Here again we find the abiding trinity of faith, hope, and love.  In 1 Corinthians 13, Paul taught the supernatural communication gifts which God gave the early Church, i.e., the gift of prophecy, the gift of tongues, and the gift of knowledge, would vanishwhen that which is perfect is come” or once the Word of God was complete:

Charity (agape love, i.e. seeking another’s highest good) never faileth: but whether there be prophecies, they shall fail; whether there be tongues, they shall cease; whether there be knowledge, it shall vanish away.  For we know in part, and we prophesy in part.  But when that which is perfect is come, then that which is in part shall be done away” (1 Corinthians 13:8-10).

Once the Bible was complete, the Church, i.e. the Body of Christ would function on the basis of the written Word of God through faith, hope, and love; but the greatest of these is love.  With Paul’s conversion and commission as God’s apostle to the gentiles the Scriptures were complete:

Whereof I am made a minister, according to the dispensation of God which is given to me for you, to fulfil the word of God;” (Colossians 1:25).

Thus, the supernatural gifts of Acts and 1 Corinthians 13 ceased by the time he wrote his final communication, 2 Timothy.  Evidence of this truth is found in 1 Timothy 5:23.  Paul couldn’t perform a healing miracle on his son in the faith; he suggested Timothy drink a little wine to soothe his stomach.  Today, no one in the Church legitimately exercises the gifts of prophecy, knowledge, or tongues.  They have been replaced by things both permanent and superior, which is the complete Word of God, and faith, hope, and love.

God did something entirely new by saving Saul of Tarsus and appointing him to be the Apostle of the Gentiles (Romans 11:13).  Included in his commission was that Paul would establish God’s Church, the Body of Christ (Ephesians 3:1-7) and its doctrines.  This new creation required new truths.  New wine cannot abide old wineskins (Matthew 9:17).  Paul wasn’t taught these new revelations by man.  They were revealed to him by the risen and glorified Lord (Galatians 1:11-12).  Paul referred to these revelations as “mysteries.”  The Lord also established Paul as the pattern for all Believers to follow in regard to living the Christ-like life. 

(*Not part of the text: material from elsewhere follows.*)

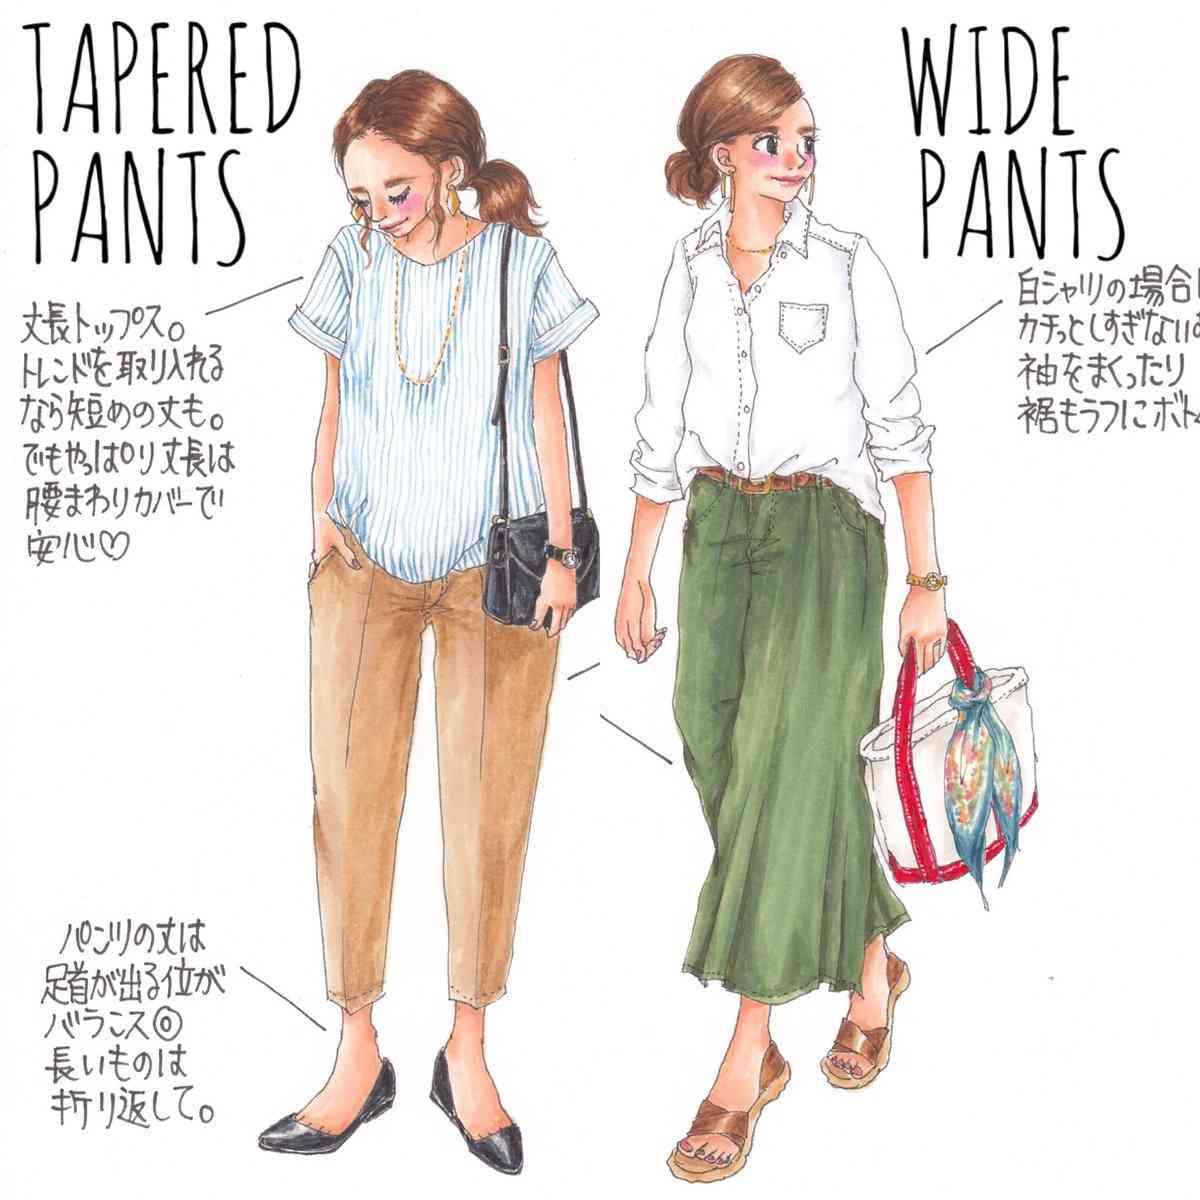 40歳以上の方、洋服の買い替えしていますか?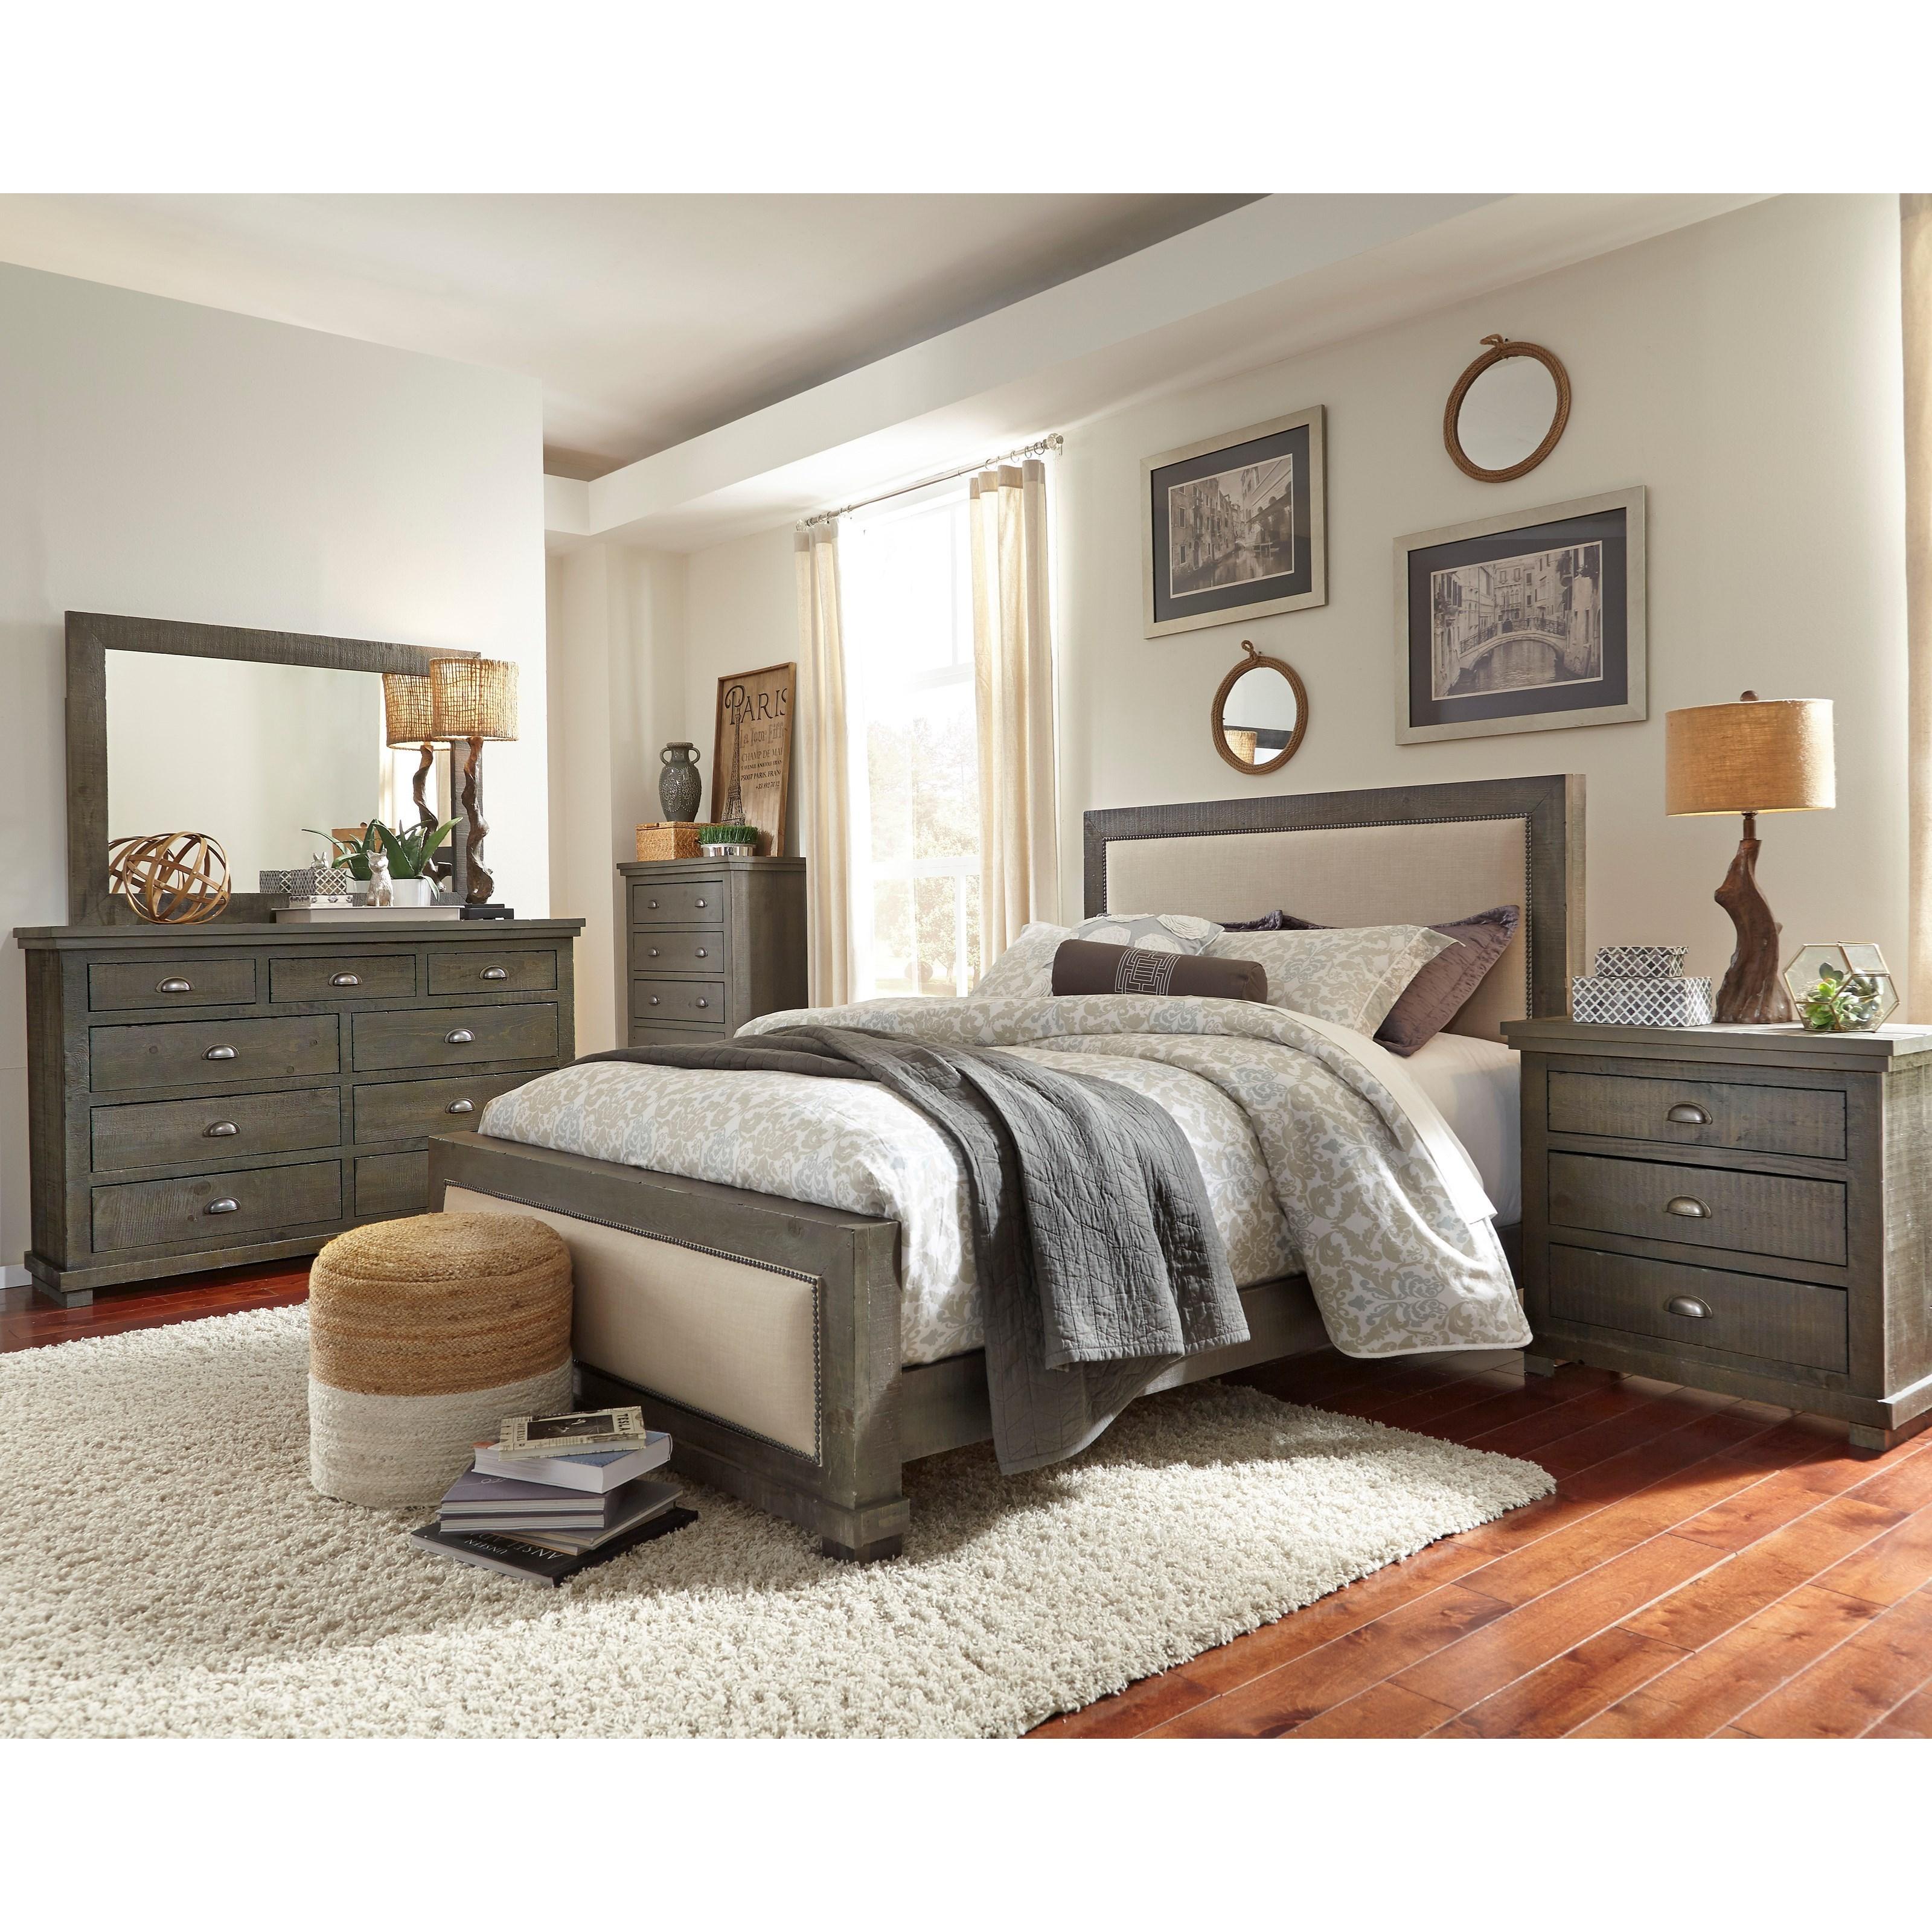 Progressive Furniture Willow King Bedroom Group Hudson 39 S Furniture Bedroom Groups

In addition to the blessing of the complete Word of God, Paul wrote in 1 Corinthians 13 of the blessings of faith, hope, and charity (love).   Believers are to put on these blessings and live by them.  Two other passages, both found in Paul’s first letter to the Thessalonians, contain this abiding trinity.  You’ll find them below:

We give thanks to God always for you all, making mention of you in our prayers; Remembering without ceasing your work of faith, and labour of love, and patience of hope in our Lord Jesus Christ, in the sight of God and our Father;” (1 Thessalonians 1:2-3).

The phrases “work of faith,” “labor of love,” and “steadfastness of hope” are the basis of Paul’s prayer for the Thessalonians (1 Thessalonians 1:2).  This prayer also reveals how Believers are to pray today.  Not only are we to imitate Paul’s behavior and his walk with the Lord we are to mimic his prayer life:

But since we are of the day, let us be sober, having put on the breastplate of faith and love, and as a helmet, the hope of salvation” (1 Thessalonians 5:8).

In this scripture passage, Paul repeated the blessings of faith, hope, and love to the Thessalonians.  Paul viewed faith and love as their breastplate.  A Roman soldier put on the breastplate to defend his vital organs.  Paul had the Believer’s heart in mind here for it is the source of their faith and love. 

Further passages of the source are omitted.